Segment Open
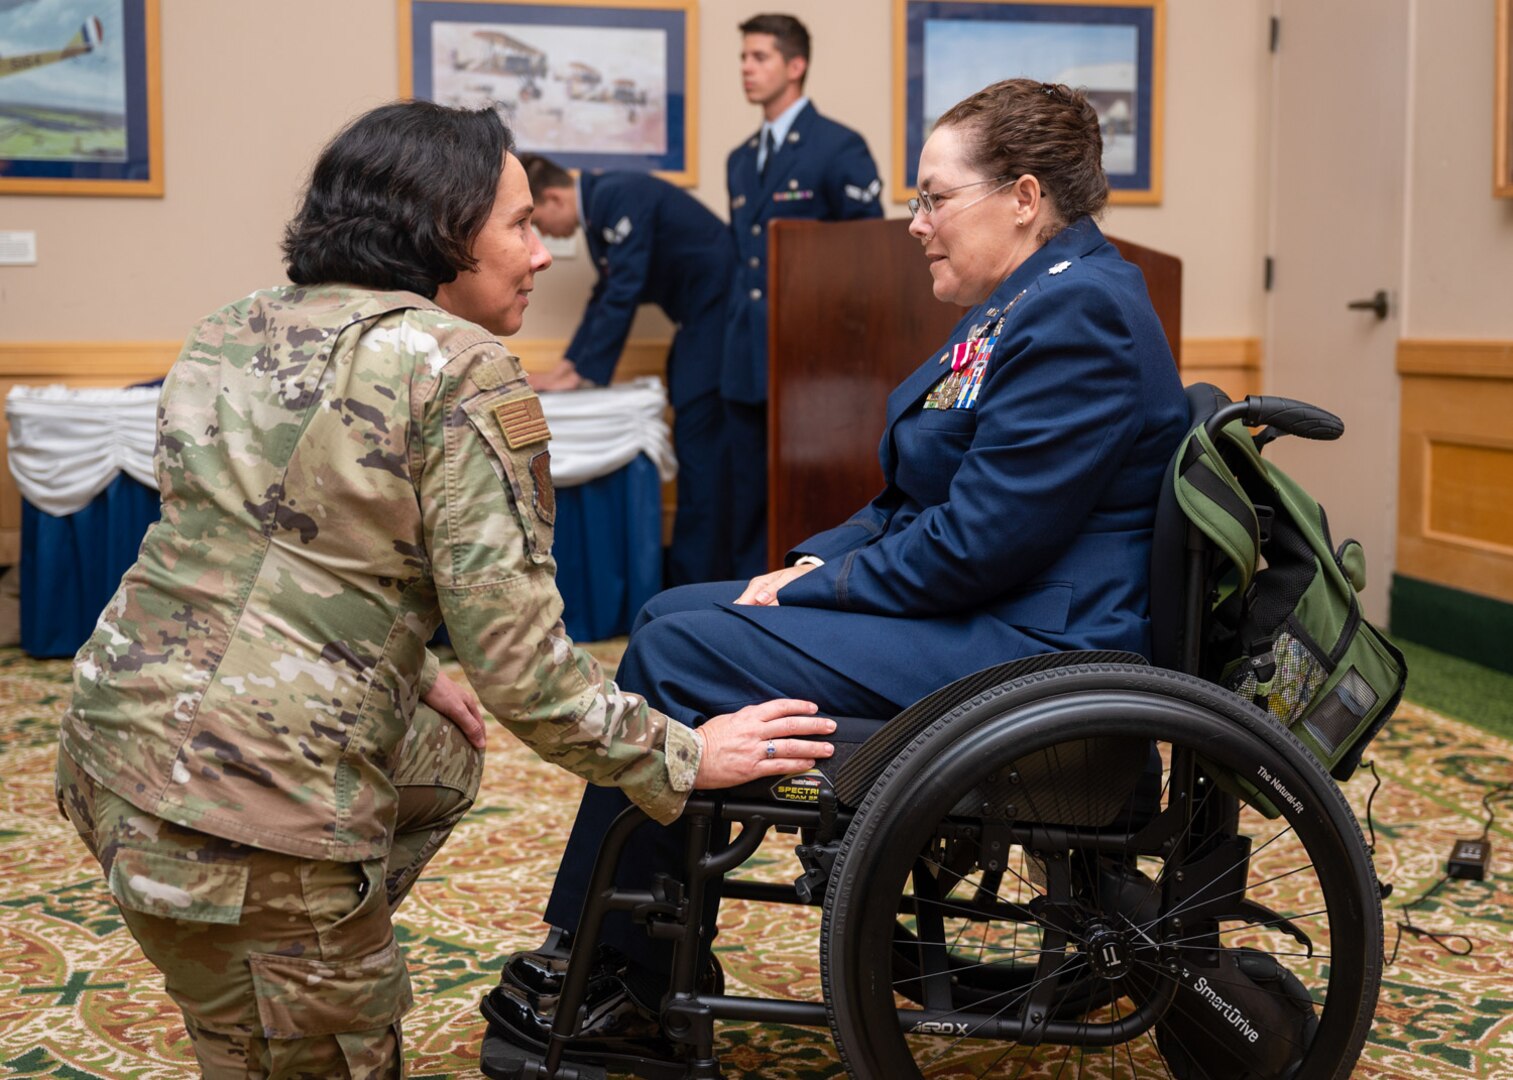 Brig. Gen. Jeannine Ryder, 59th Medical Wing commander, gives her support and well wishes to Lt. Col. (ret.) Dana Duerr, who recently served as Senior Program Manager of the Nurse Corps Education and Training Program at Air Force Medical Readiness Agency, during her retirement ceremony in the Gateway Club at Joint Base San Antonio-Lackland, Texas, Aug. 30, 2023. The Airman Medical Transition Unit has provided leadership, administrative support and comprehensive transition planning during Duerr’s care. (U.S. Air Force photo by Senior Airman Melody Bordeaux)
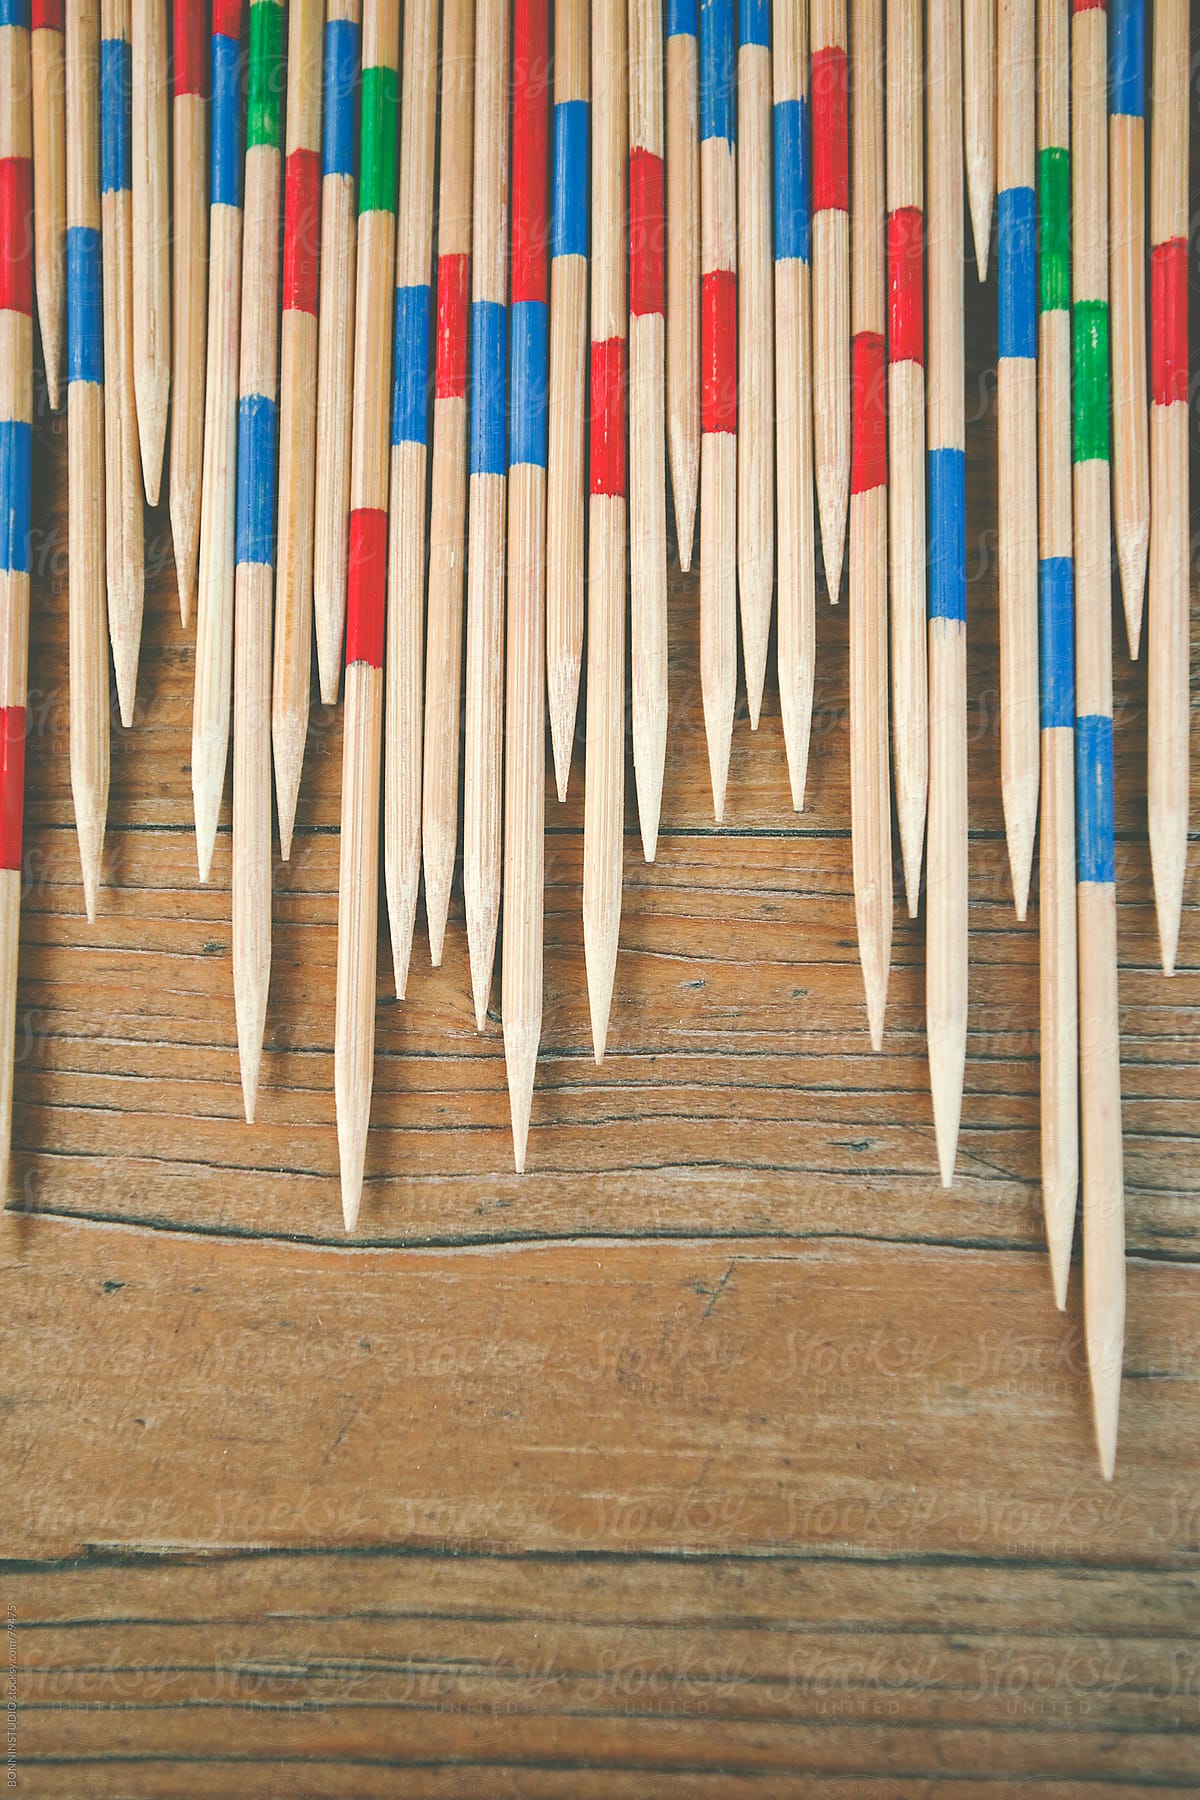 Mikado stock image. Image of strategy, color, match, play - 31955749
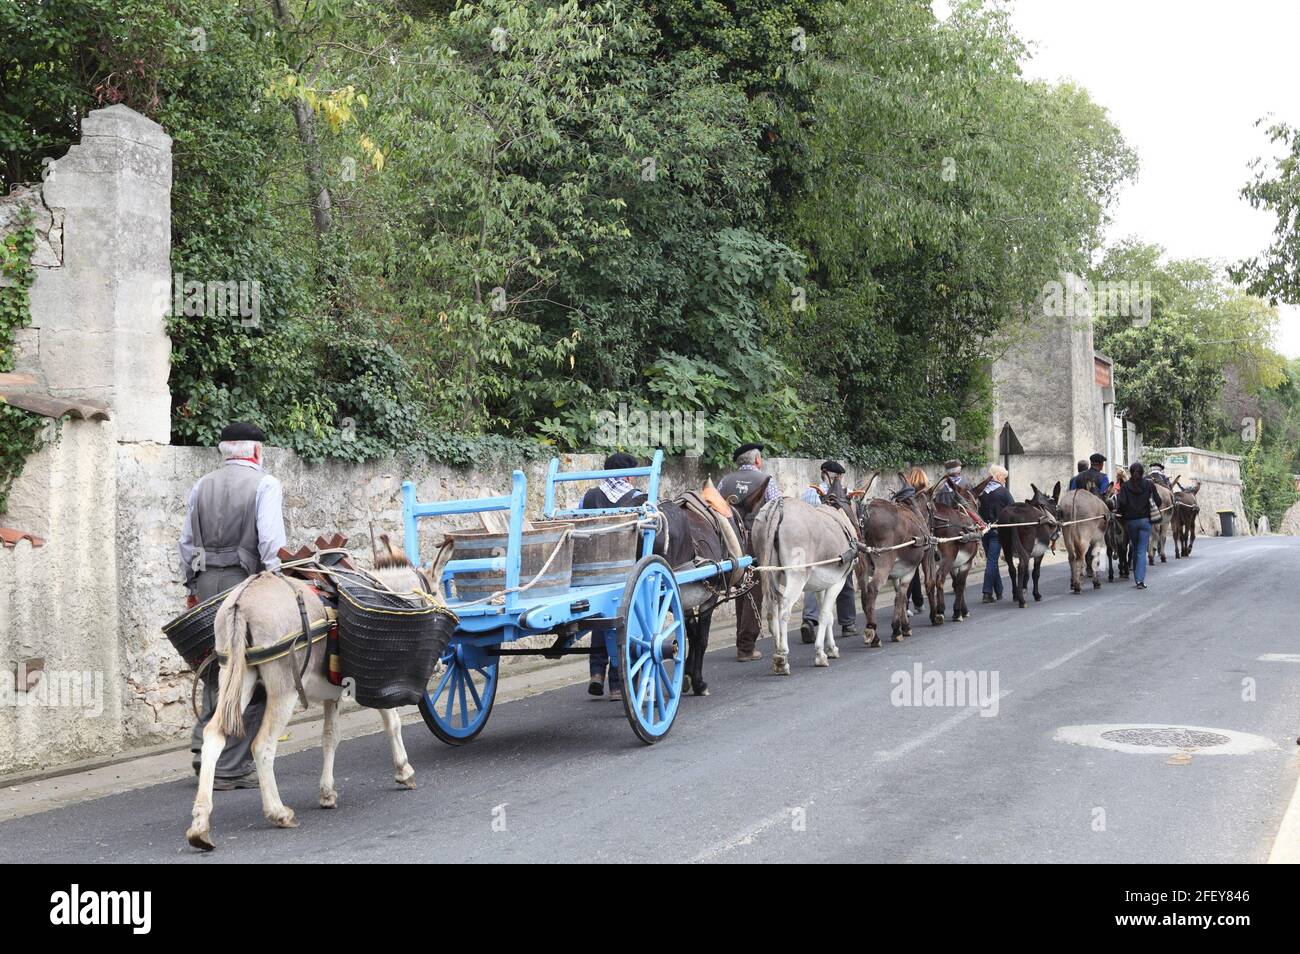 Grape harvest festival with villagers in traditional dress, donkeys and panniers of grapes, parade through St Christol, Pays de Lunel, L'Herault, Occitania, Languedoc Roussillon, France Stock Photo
Segment Closed
[Problem to work on] What the task needs is the material above repeated exactly, pictures excepted.

[Output]
 Brig. Gen. Jeannine Ryder, 59th Medical Wing commander, gives her support and well wishes to Lt. Col. (ret.) Dana Duerr, who recently served as Senior Program Manager of the Nurse Corps Education and Training Program at Air Force Medical Readiness Agency, during her retirement ceremony in the Gateway Club at Joint Base San Antonio-Lackland, Texas, Aug. 30, 2023. The Airman Medical Transition Unit has provided leadership, administrative support and comprehensive transition planning during Duerr’s care. (U.S. Air Force photo by Senior Airman Melody Bordeaux)
 Mikado stock image. Image of strategy, color, match, play - 31955749
 Grape harvest festival with villagers in traditional dress, donkeys and panniers of grapes, parade through St Christol, Pays de Lunel, L'Herault, Occitania, Languedoc Roussillon, France Stock Photo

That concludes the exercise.